▸ WHAT IS EXPECTED: Retype, exactly and with nothing added, the lines from the one showing "2 комплекта миниатюрной" through the final line of the material. Omit pictures.

Segment Start: SOURCE DATA

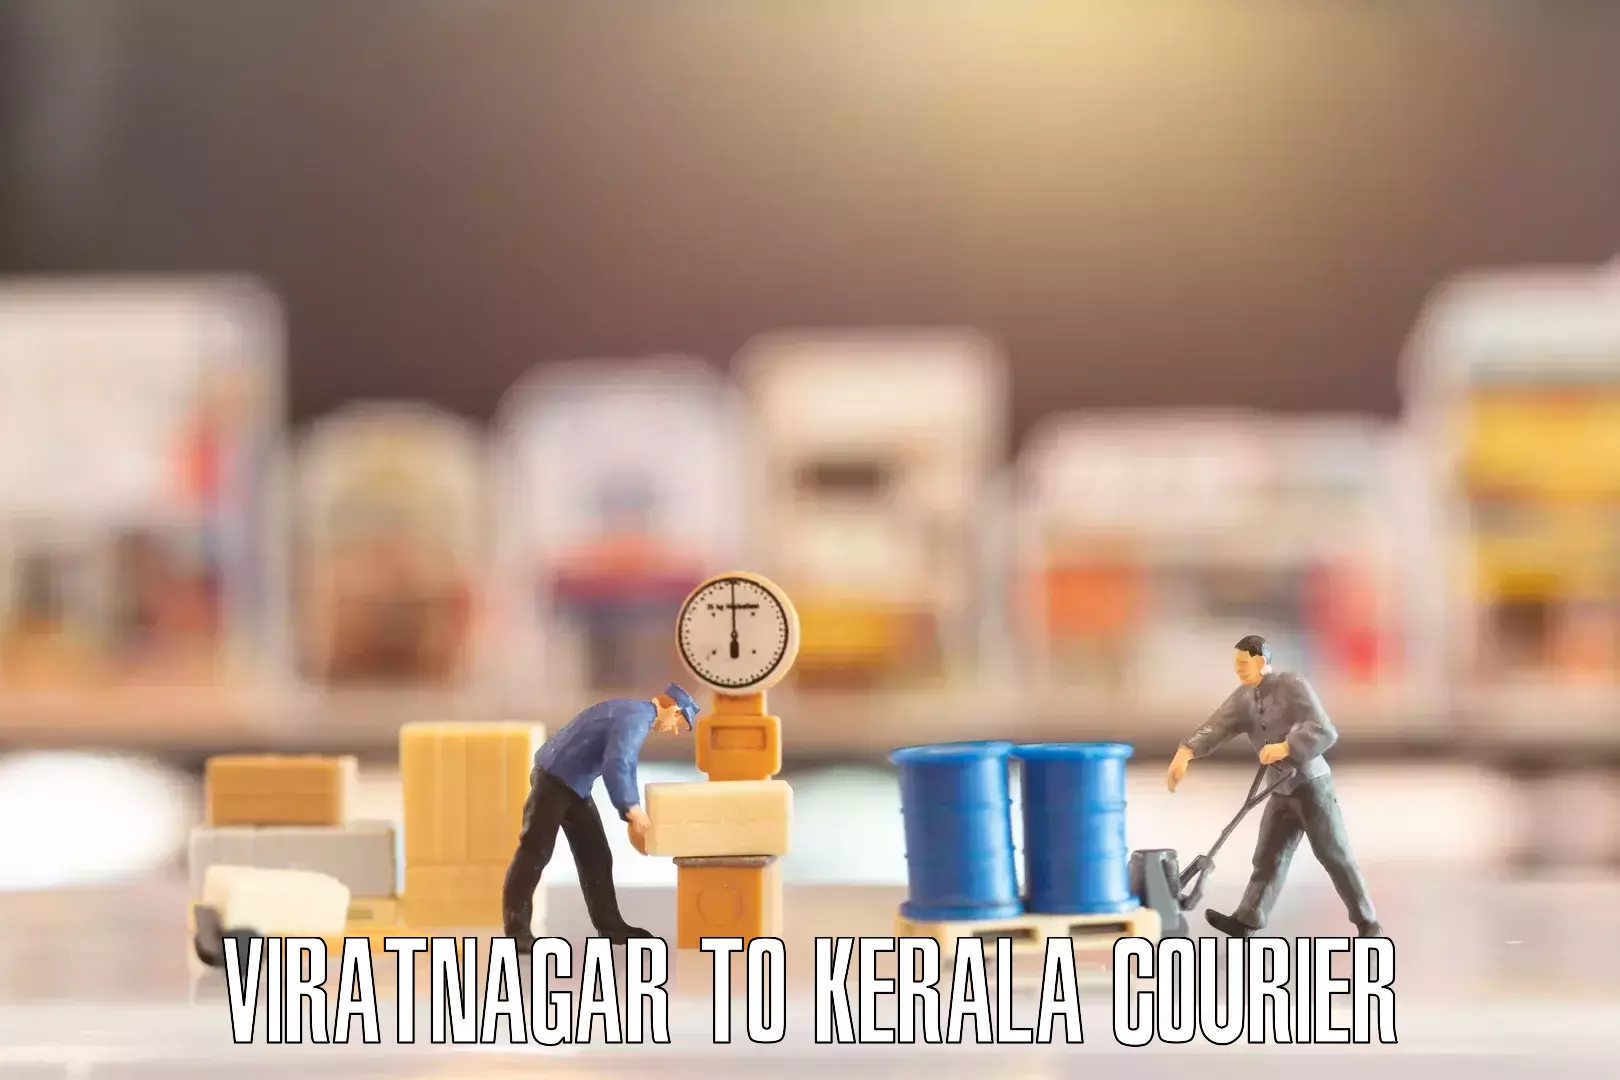 Premium furniture transport Viratnagar to Kerala
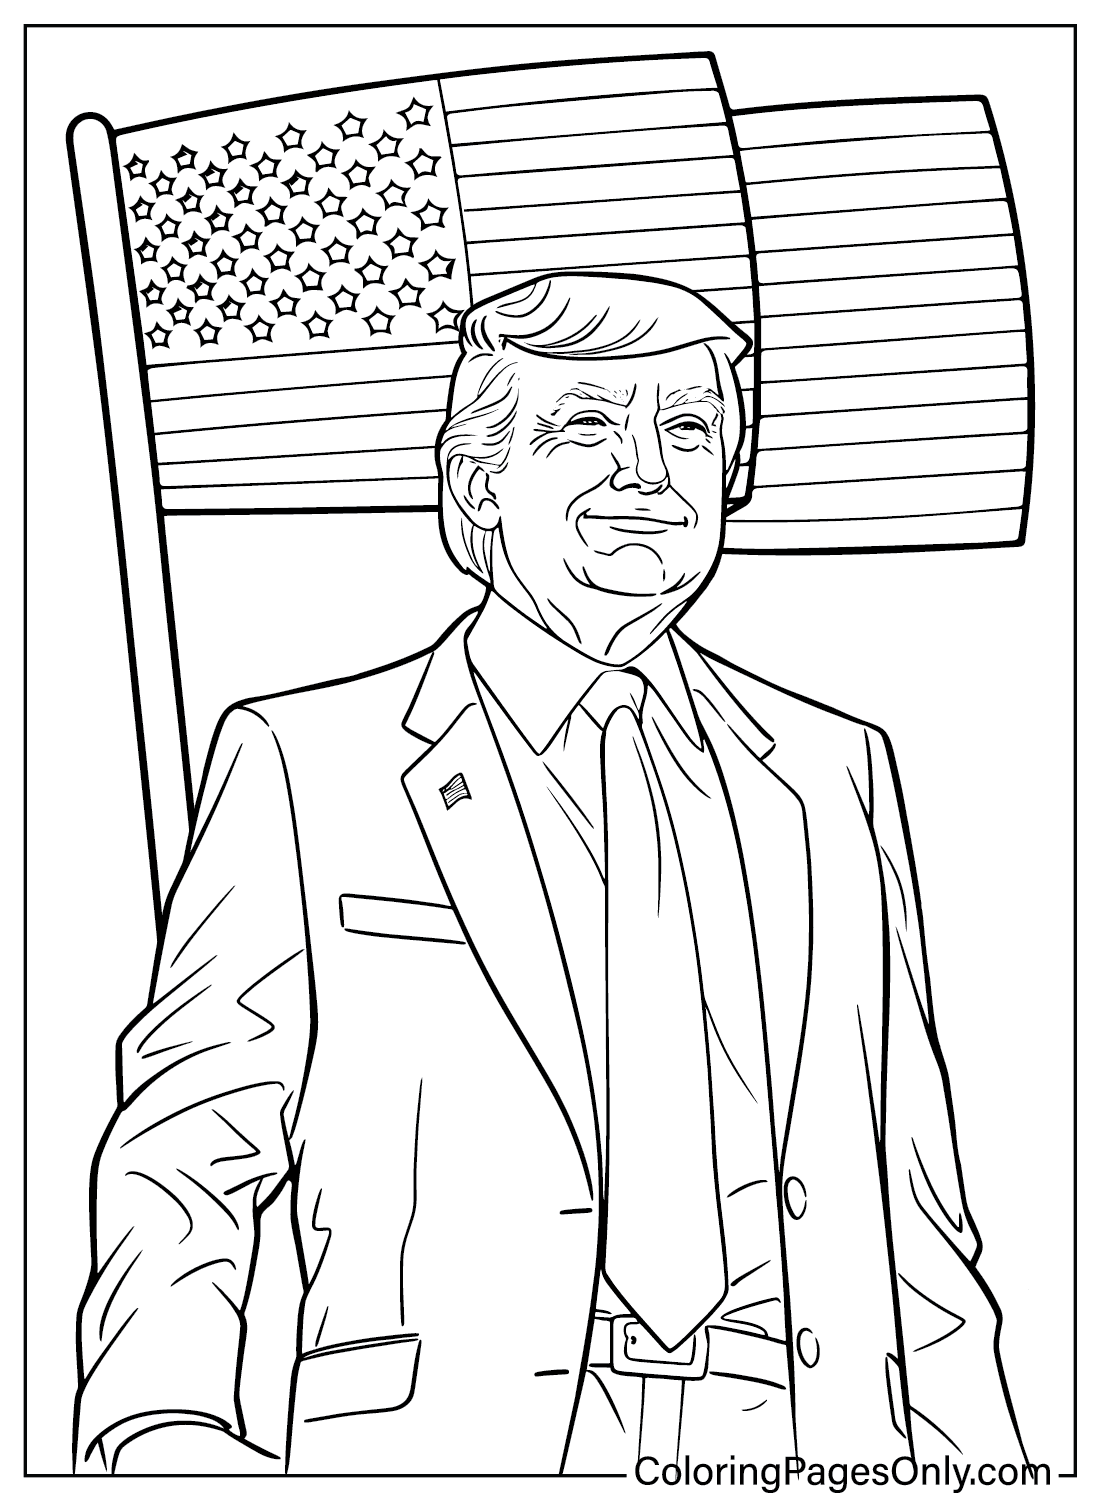 Donald Trump kleurplaat voor kinderen van Donald Trump
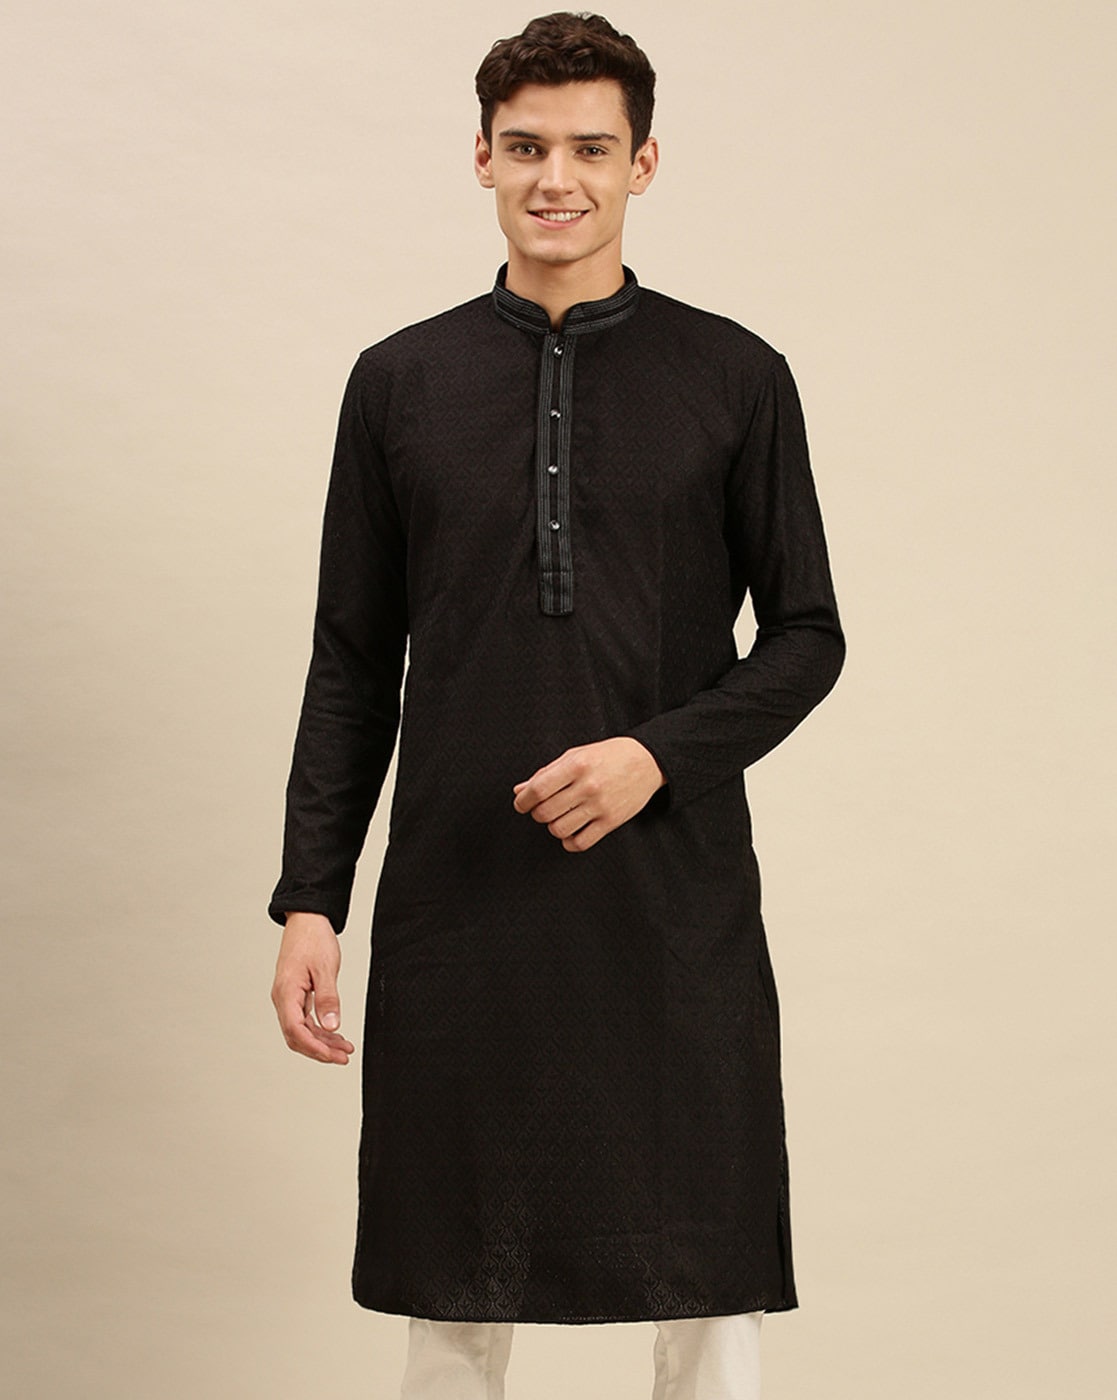 Traditional Indian Men's Suit Pakistan Kurti Long Top - India & Pakistan  Clothing - AliExpress
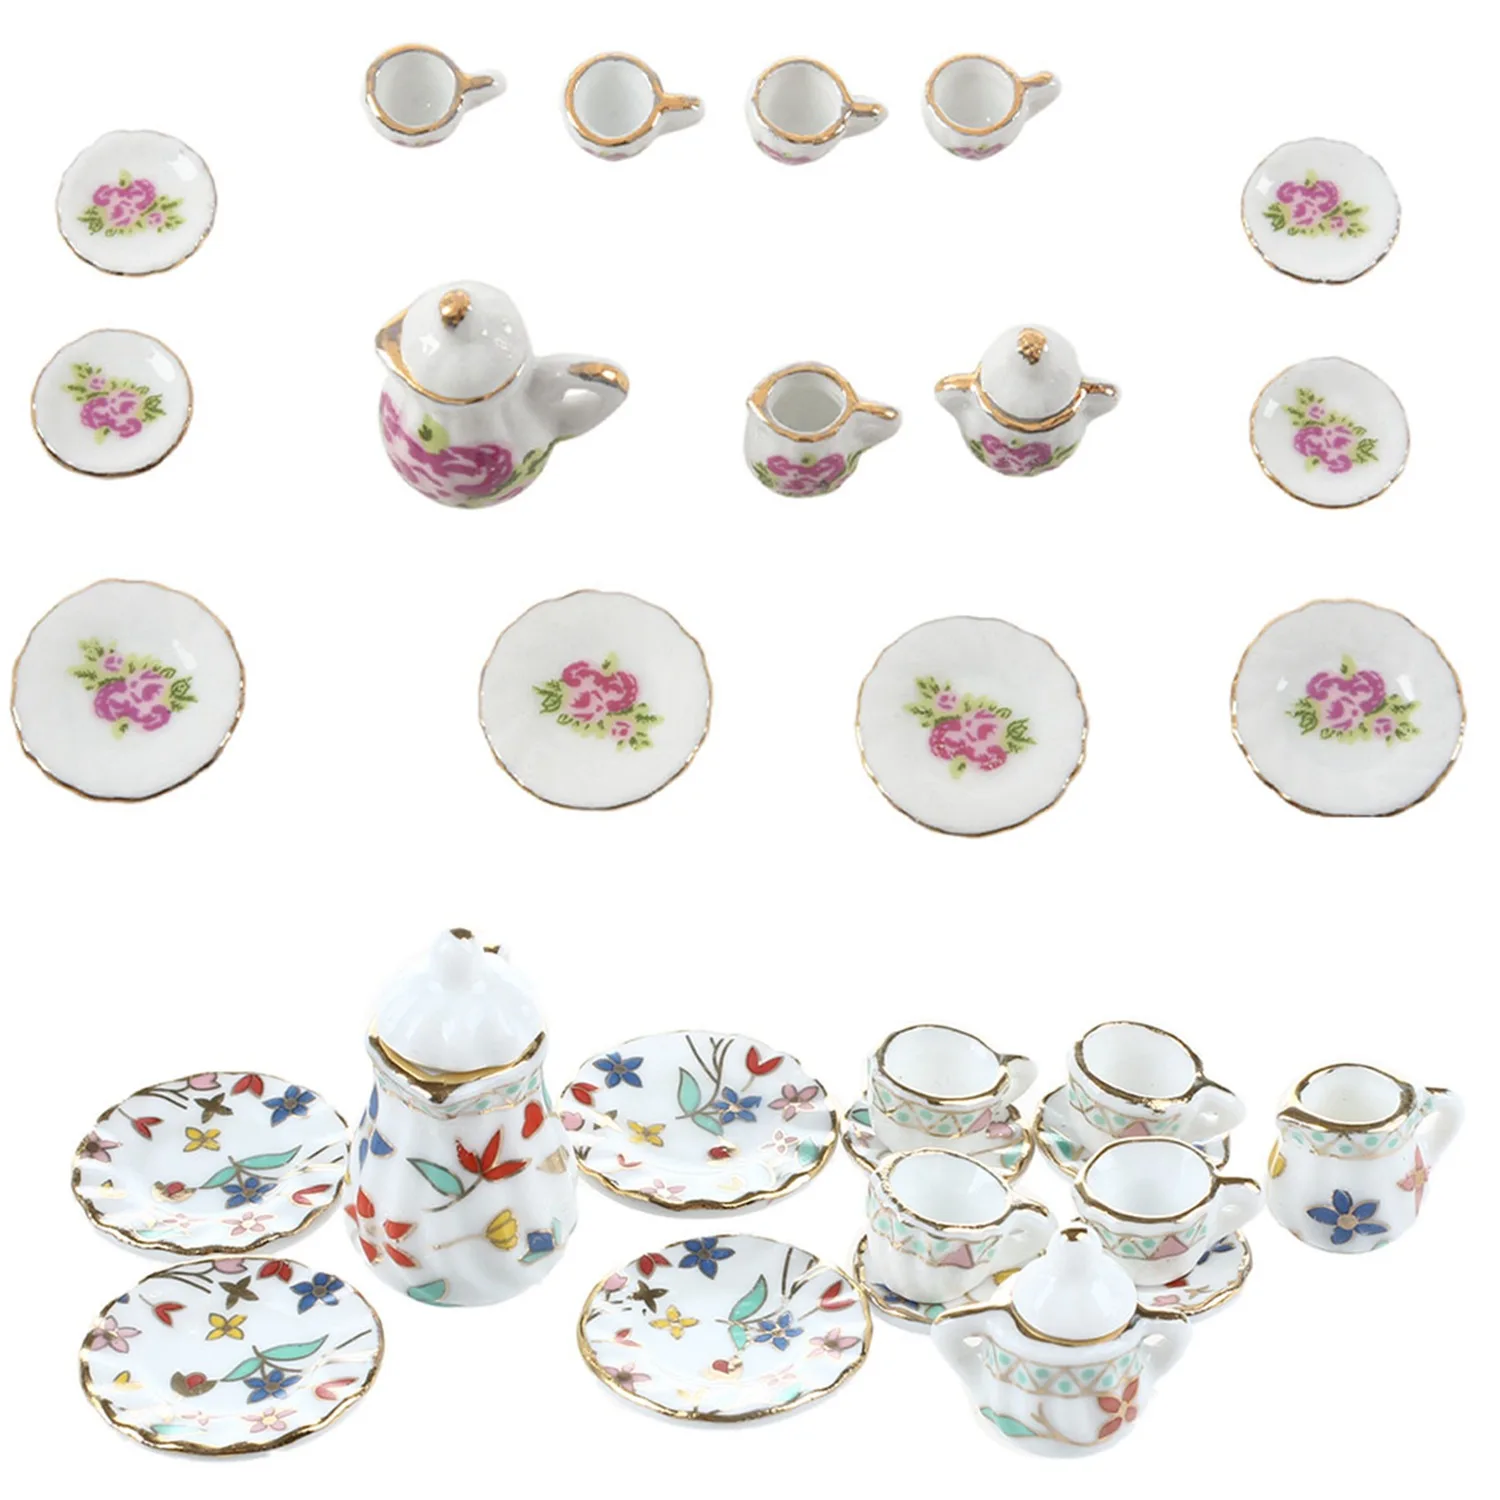 2 комплекта миниатюрной посуды, фарфоровый чайный сервиз - красочный цветочный принт и китайский Изображение 0
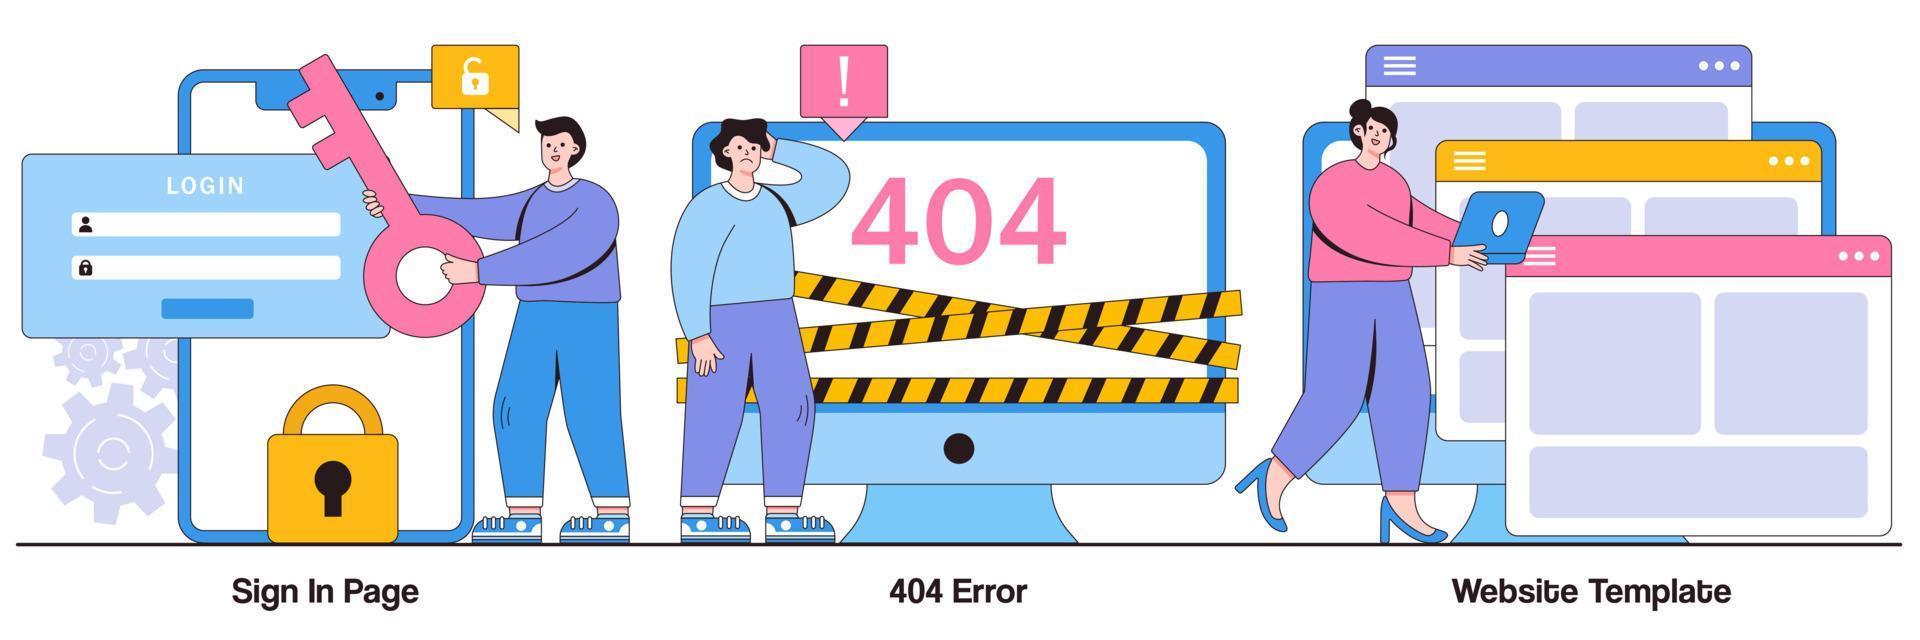 aanmeldpagina, 404-fout, websitesjabloonconcept met mensenkarakter. website pagina interface vector illustratie set. gebruikersaanmeldingsformulier, ui, nieuwe accountregistratie, bestemmingspagina, webdesign

Segment End: SOURCE DATA

▸ PROBLEM SOLUTION:
 2 комплекта миниатюрной посуды, фарфоровый чайный сервиз - красочный цветочный принт и китайский Изображение 0
 aanmeldpagina, 404-fout, websitesjabloonconcept met mensenkarakter. website pagina interface vector illustratie set. gebruikersaanmeldingsformulier, ui, nieuwe accountregistratie, bestemmingspagina, webdesign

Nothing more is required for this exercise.